Guided Meditation: Spaciousness; Samadhi (14) Opening to Space

The following talk was given by Gil Fronsdal at the Insight Meditation Center in Redwood City, California. Please visit the website www.audiodharma.org for more information.

Introduction

So I start again, welcoming you all here and to say that the meditation journey is a lot easier if you understand it as a journey that’s leading to a profound capacity to be in the world in a new way. It’s a journey that takes us inward in a certain way, deep inward, almost like we could imagine to the source. And there, in a sense, we turn ourselves inside out, and then we can return to the world in a new way.

One way we return is as if the world begins with ourselves, begins in our hearts, begins deep inside. And how we are as we come out of our depths shapes the world—certainly the world that we see, but in a certain profound way, shapes the world around us. We want to have that shaping, that remaking of the world, come from a place of profound goodness, profound health, profound love or care—a care for everyone, no one left out of our hearts.

But to do this, we have to know that that’s the journey and then be able to put aside for the time being the preoccupations we have about the world, the future, the past, what’s happening now. Not to ignore it or abandon it, but to be able to come back in a better way. A willingness to suspend the usual preoccupation of the mind for a better cause, for a really good thing.

So, Monday I said samadhi1 is simplicity, and then samadhi is subtleness, then samadhi is steadiness. Today I’d like to contribute to this list that samadhi is spaciousness. We’re going inward, in a sense, and for those of you who are following along here, to use the breathing as the primary anchor or settling movement that settles us inside.
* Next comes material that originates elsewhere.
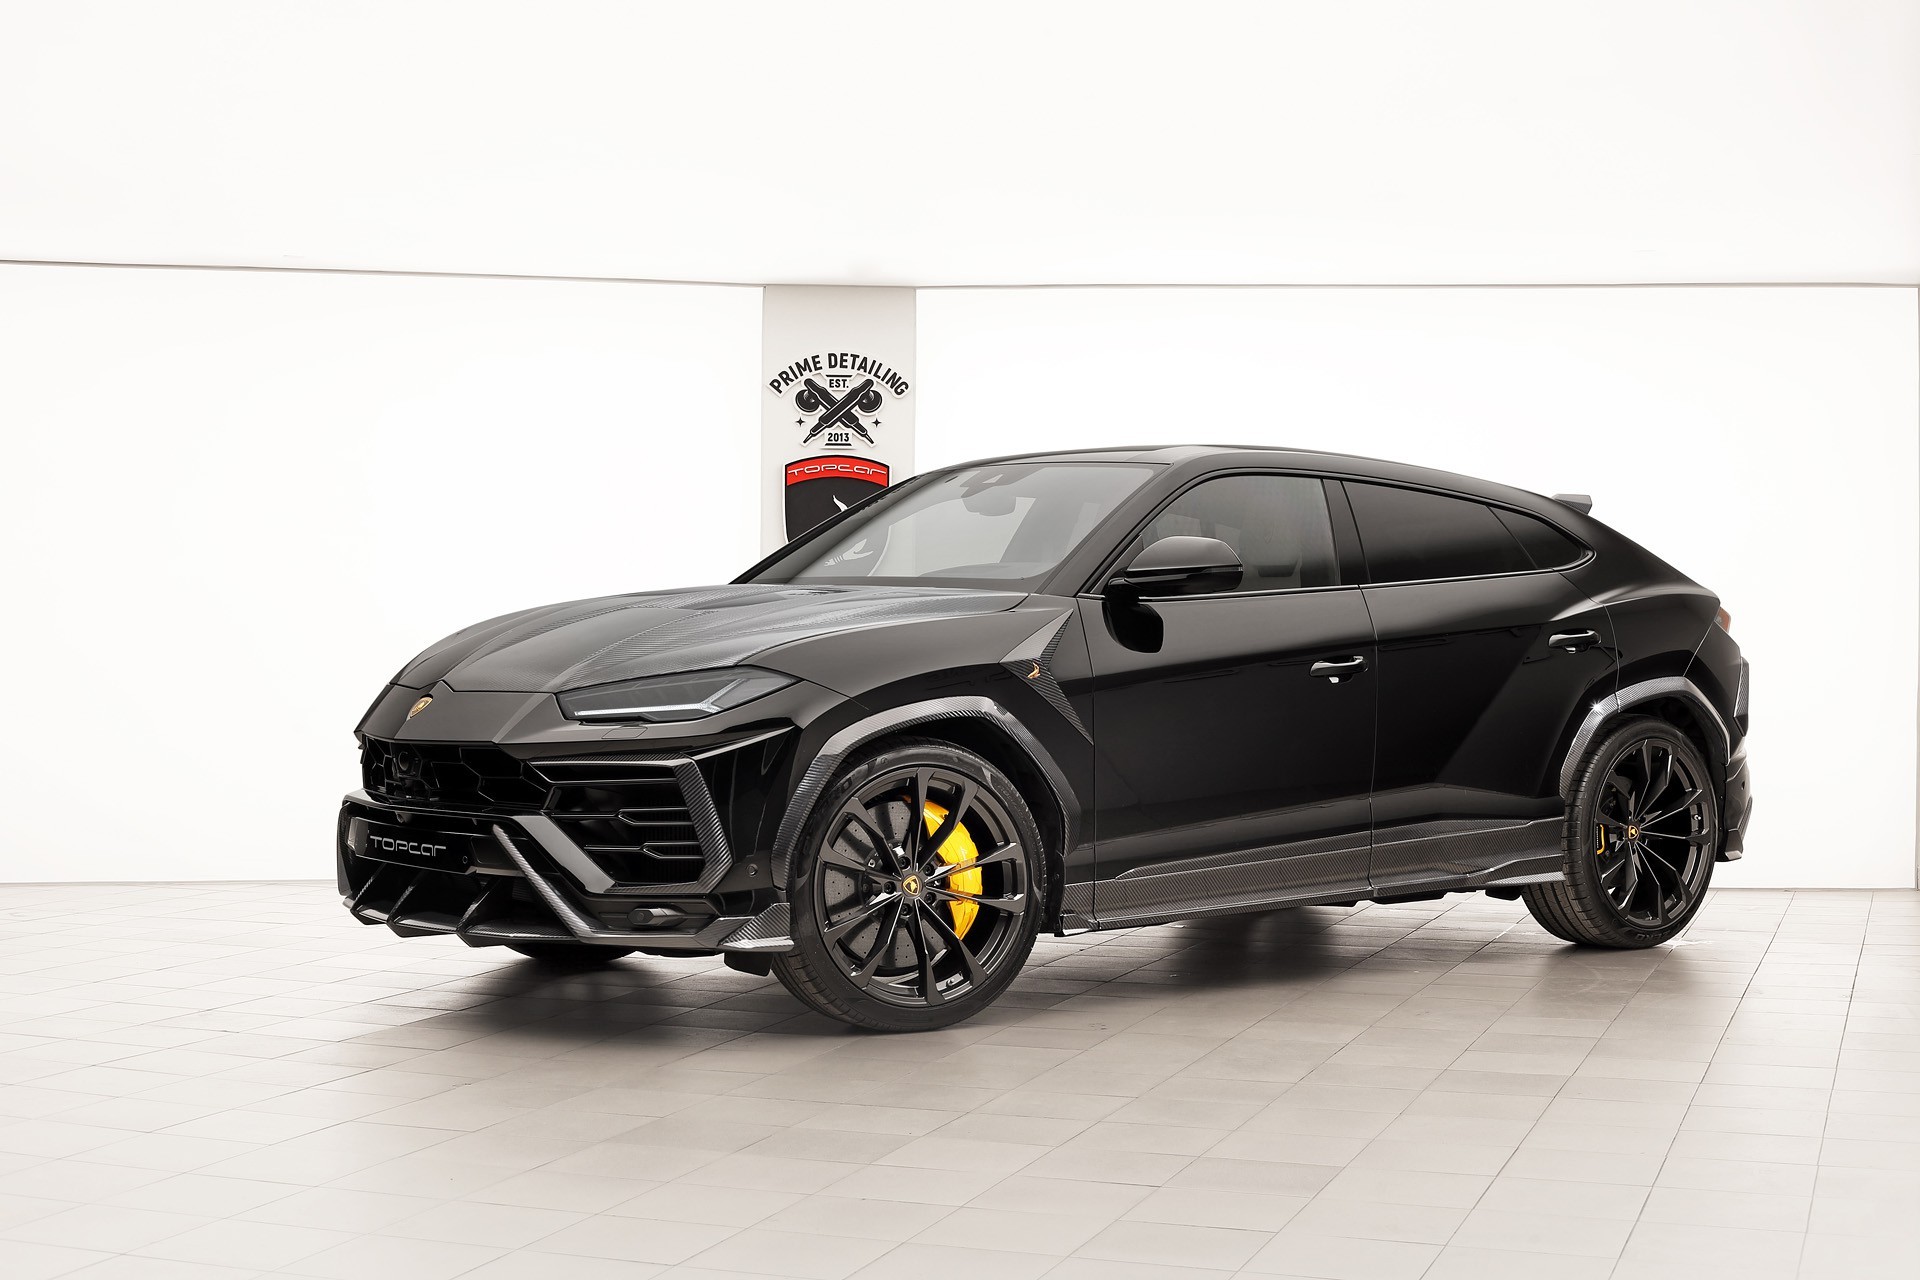 Lamborghini Urus By Topcar Looks Like Darth Vader's SUV Of ...

To the settling place, as we do that, at the same time, we’re opening up to a spaciousness that’s the context, that’s the atmosphere that surrounds the experience of breathing.

This opening to a spaciousness, it’s almost like the peripheral awareness is aware of the space, and the primary focus is aware of this settled place within with the breathing. It is being involved in two things at once, but we do this often in our life. We go through a space that’s either crowded or a space that’s very open, and we’re primarily doing our task, walking perhaps, but we’re very aware that it’s crowded with people or very aware that there’s space to walk in. And either one affects us, and we might not be doing it so consciously, focusing on the people or the space, but it sets the mood, it sets a condition for how we’re going to follow our way.
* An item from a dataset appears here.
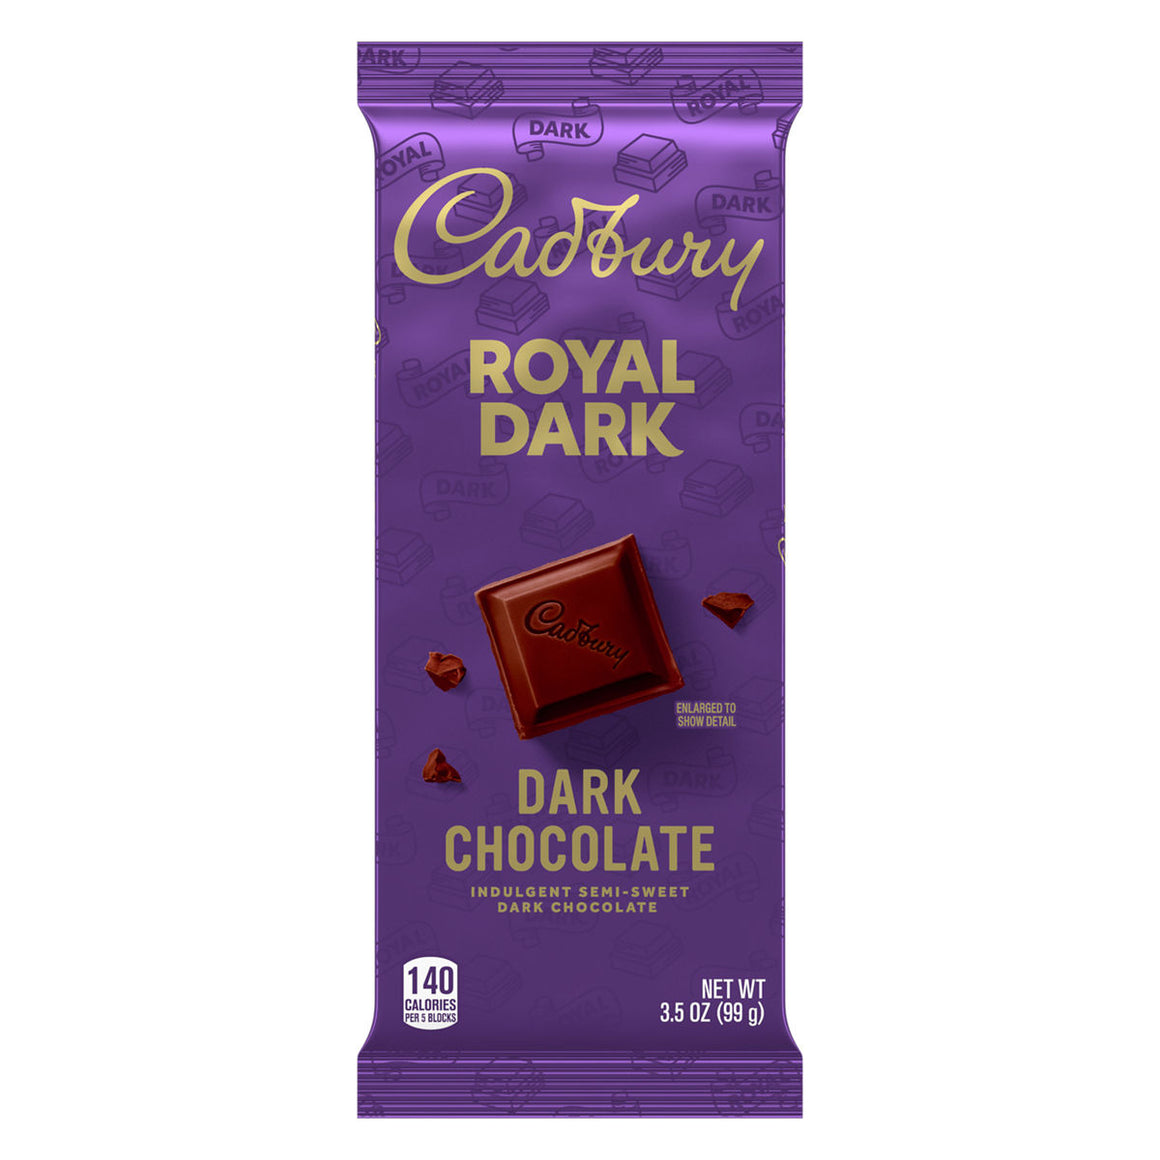 Cadbury Royal Dark Chocolate Bar 3.5 oz.

So in meditation also, we can be attuned to the spaces around the breathing, and that contributes to a sense, eventually, that the mind doesn’t move. When we meditate, when there’s a lot of thinking going on and a lot of concerns and preoccupations, it’s very reasonable people say their mind moves. “My mind wandered away,” “it got distracted,” “it got caught up in something,” and then we bring it back.
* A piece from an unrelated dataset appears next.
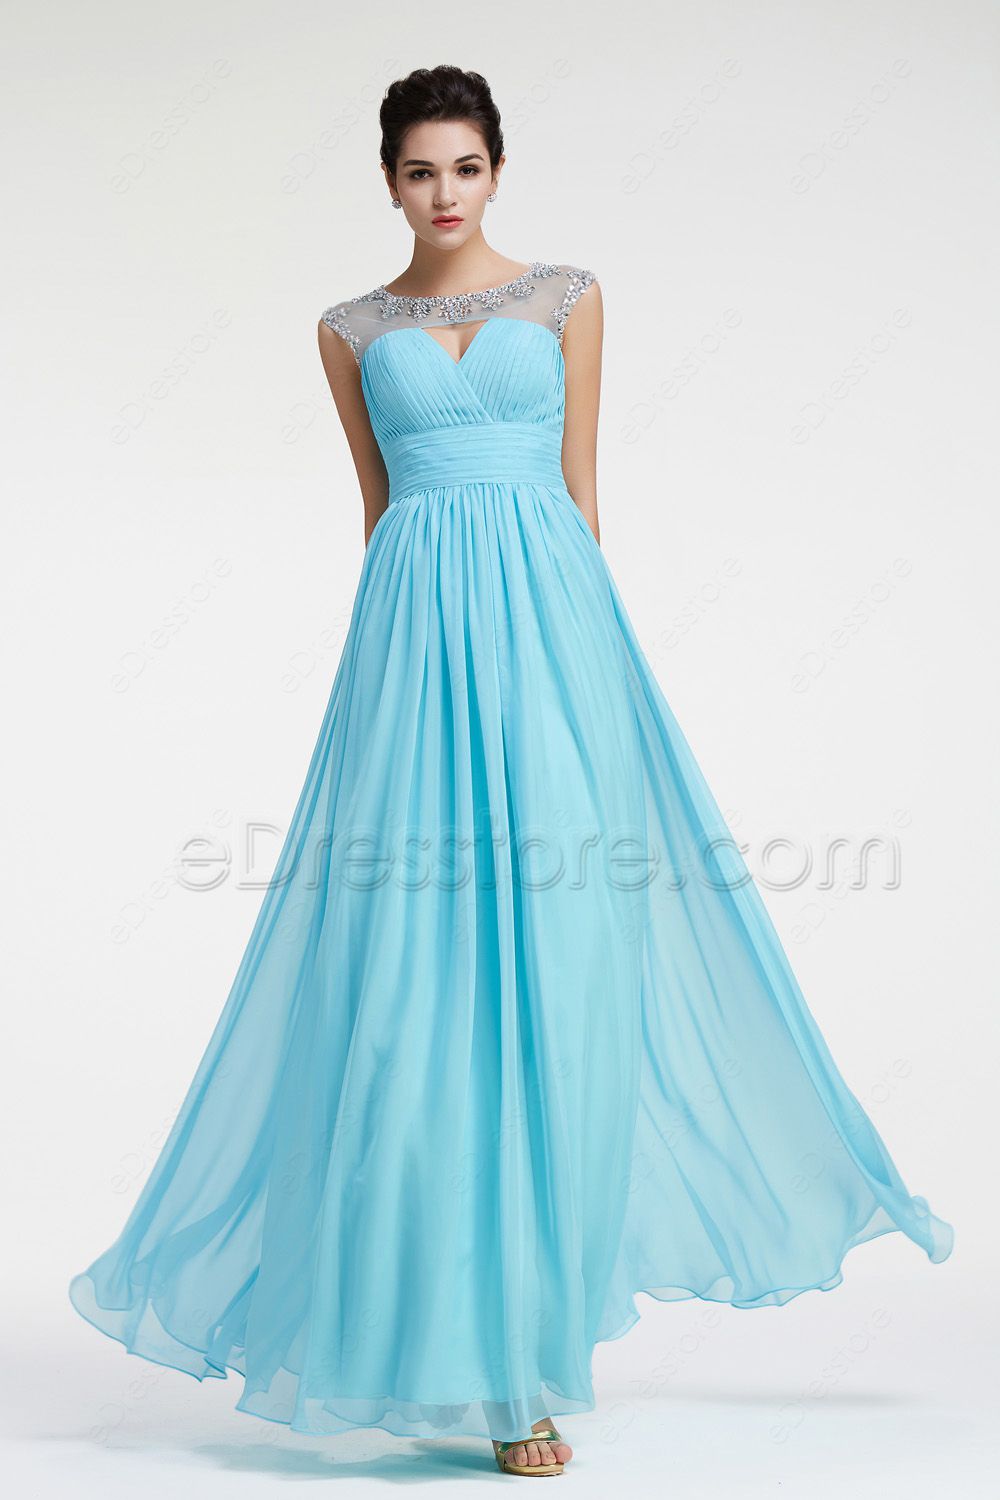 Light Blue Crystal Prom Dresses Long with Cap Sleeves | eDresstore

But as the mind gets more and more settled, the idea of bringing the mind back, the idea that the mind goes anywhere, is just a metaphor. The mind never goes anywhere. And as we settle and feel the spaciousness, it gives us the kind of relief, “Oh, the mind doesn’t have to work so much.” The awareness seems to be arising out of the spaciousness, or in the spaciousness itself, having qualities of spaciousness: light, open, almost insubstantial.

So to assume a meditation practice and assume a meditation posture, gently close your eyes.

And to settle into here, you might begin by taking some long, slow, deep breaths, relaxing in the body as you exhale, relaxing in a settling way. So you’re settling your body.

Letting the breathing return to normal, and continue for a few breaths to feel your body on your inhale and relax the body on the exhale. Maybe relaxing different parts of the body in different breaths.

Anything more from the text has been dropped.